● PROBLEM
Each line in the records below, from the one that contains "Auf der Unterseite" to the one that contains "Die 1964 auf den Markt gebrachten", should be reproduced exactly, the first and last included.

● RECORDS PROVIDED
* * *

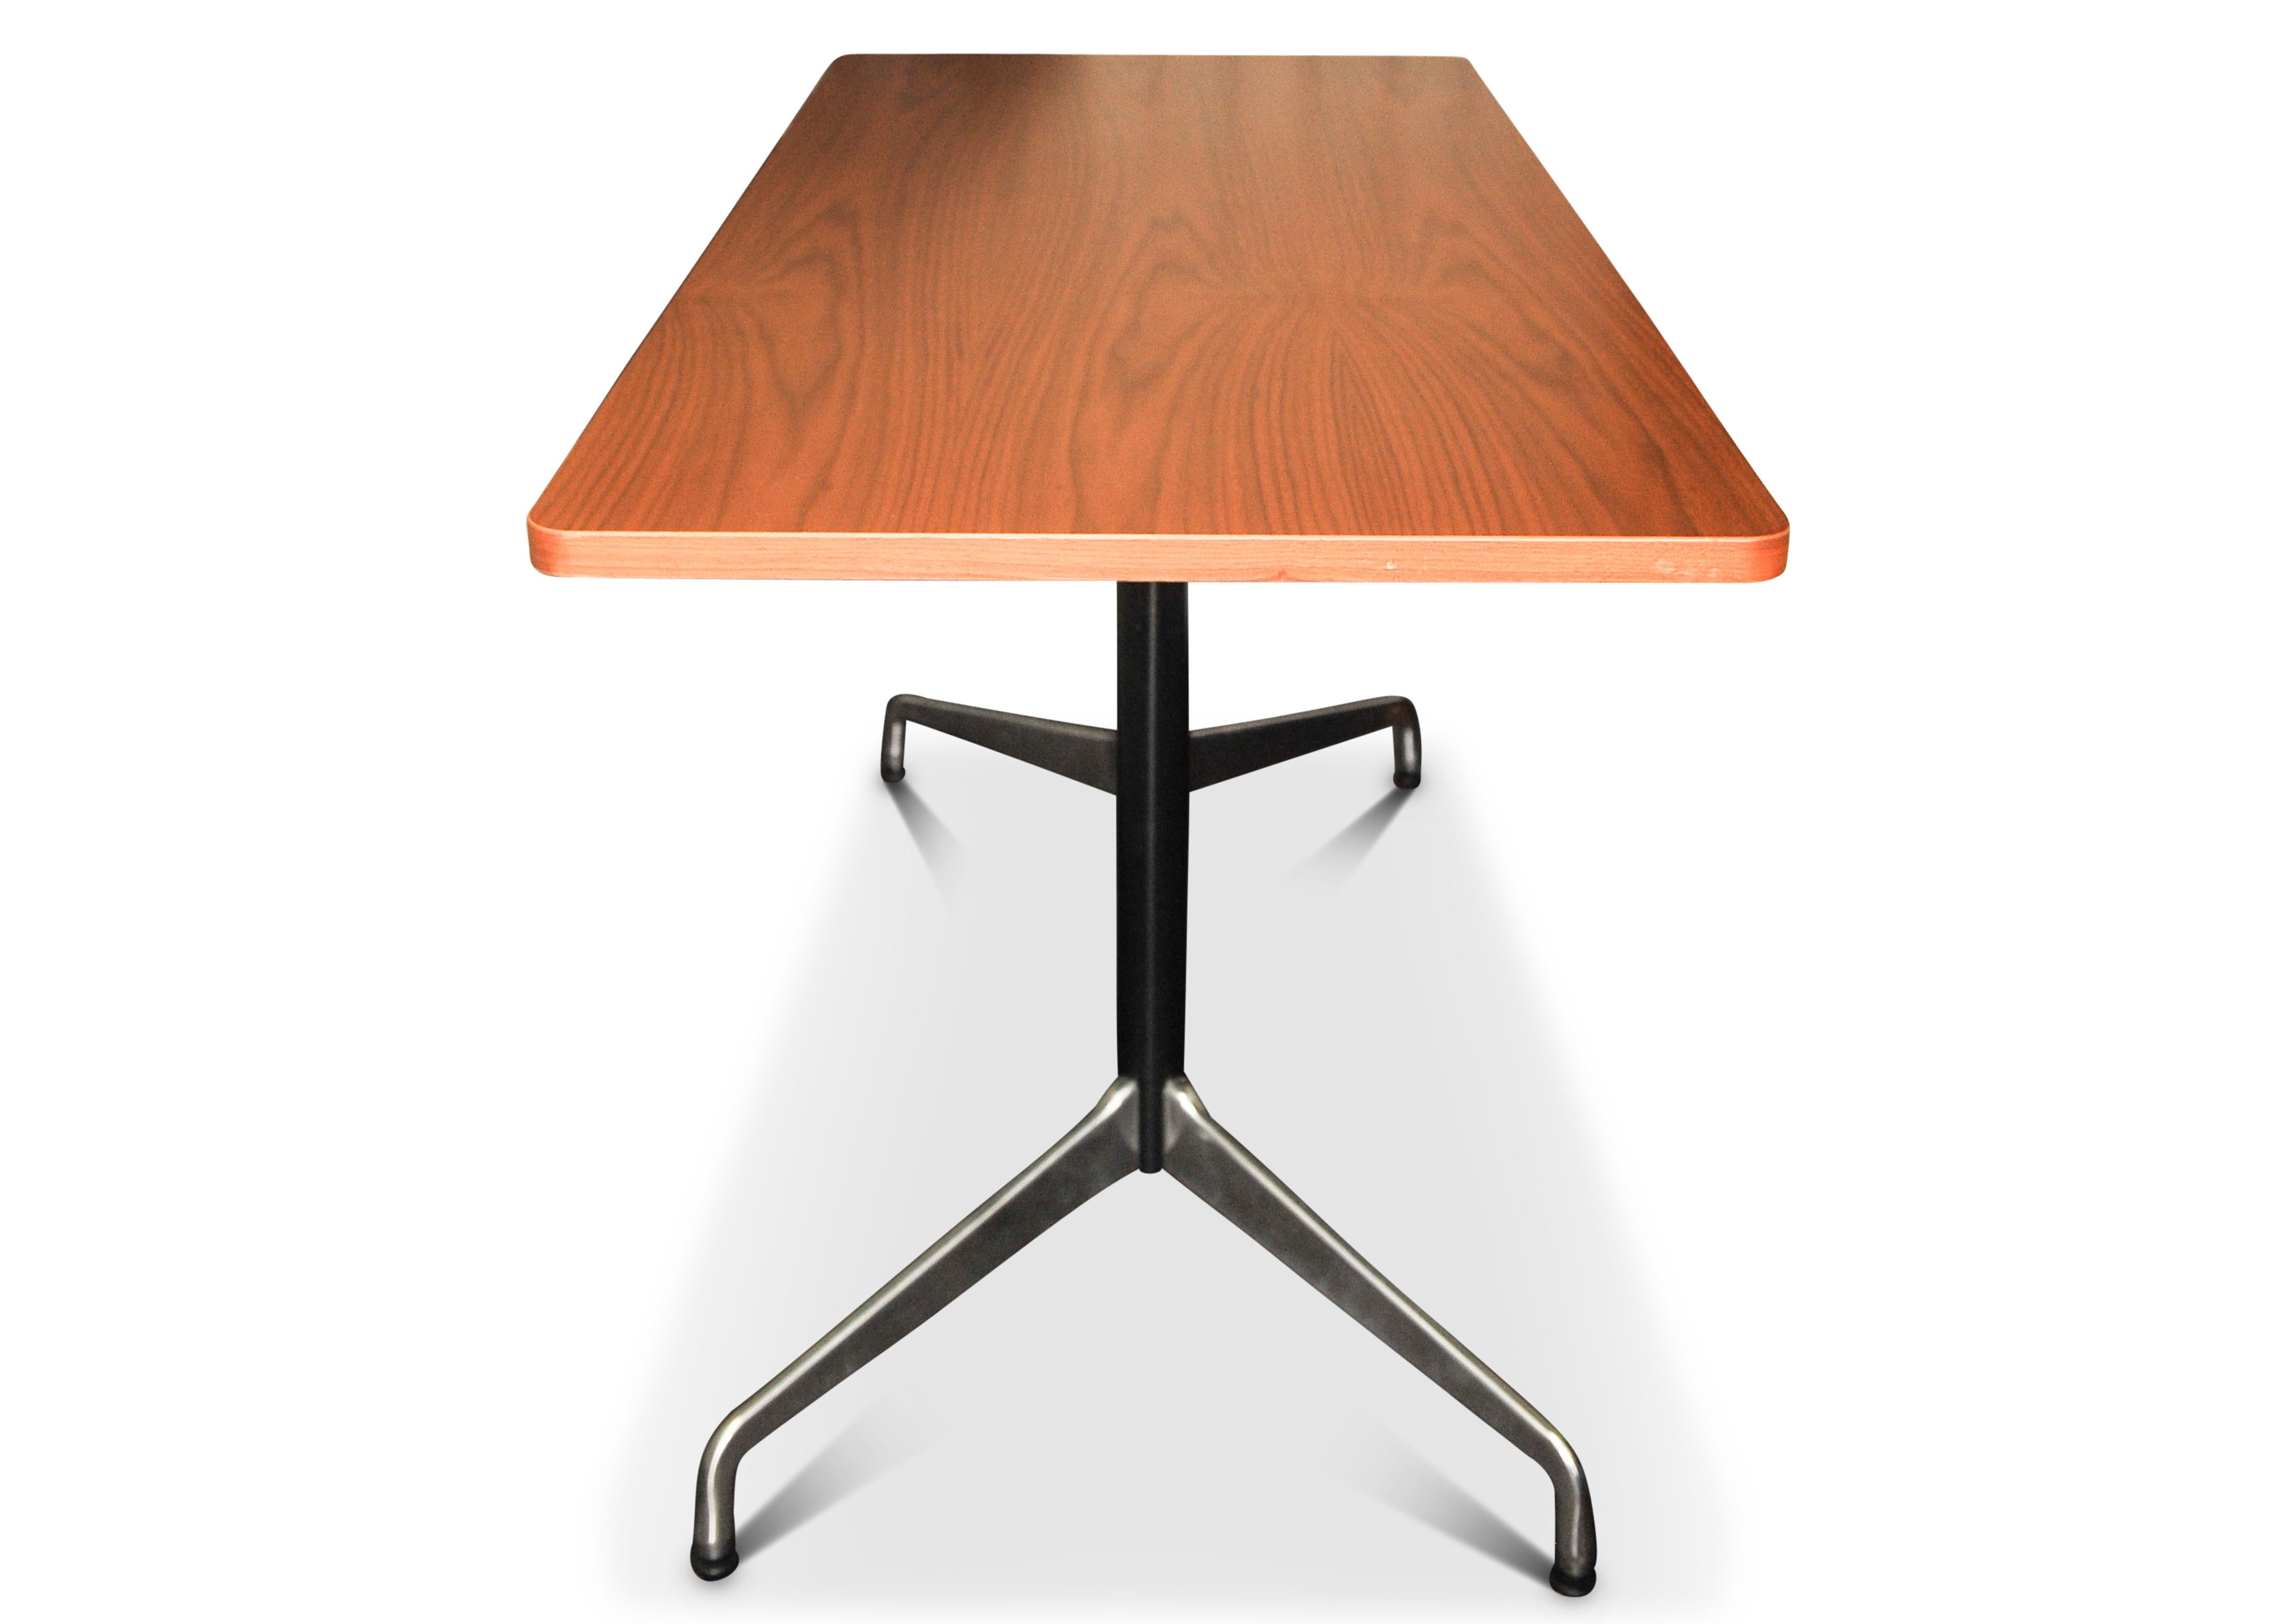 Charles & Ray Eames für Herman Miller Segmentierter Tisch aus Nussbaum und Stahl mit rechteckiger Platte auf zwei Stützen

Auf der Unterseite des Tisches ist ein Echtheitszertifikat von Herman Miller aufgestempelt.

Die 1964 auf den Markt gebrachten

* * *

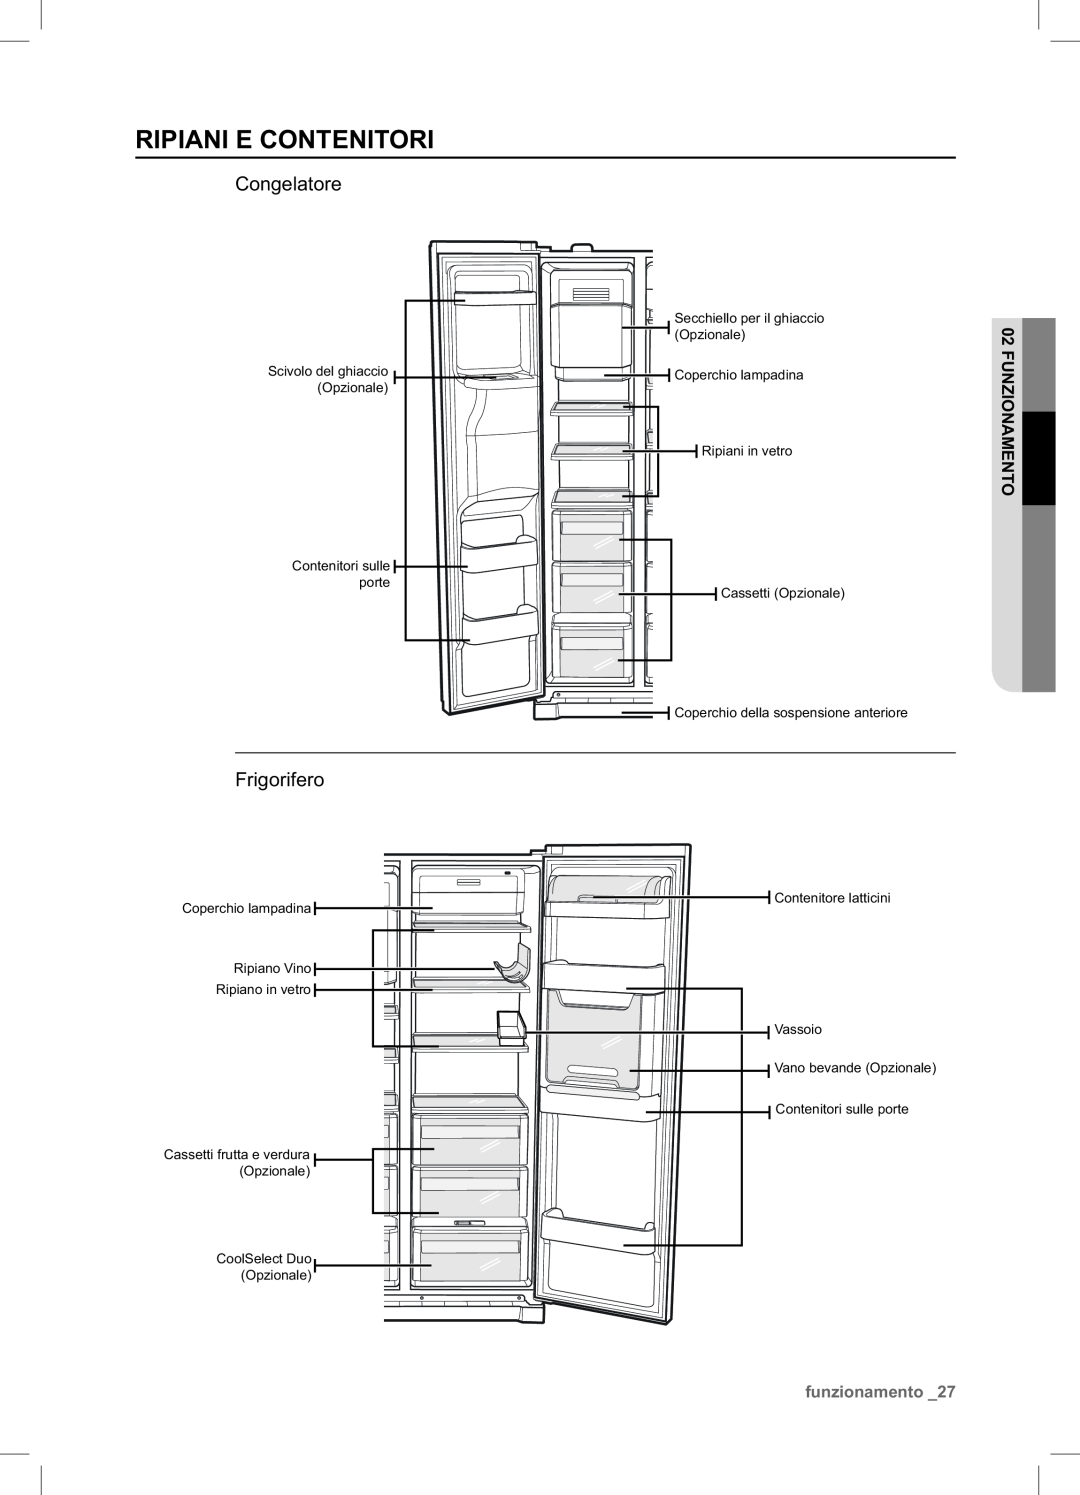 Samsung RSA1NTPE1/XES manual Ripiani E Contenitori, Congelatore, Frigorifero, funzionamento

* * *

● ANSWER BELOW
Auf der Unterseite des Tisches ist ein Echtheitszertifikat von Herman Miller aufgestempelt.

Die 1964 auf den Markt gebrachten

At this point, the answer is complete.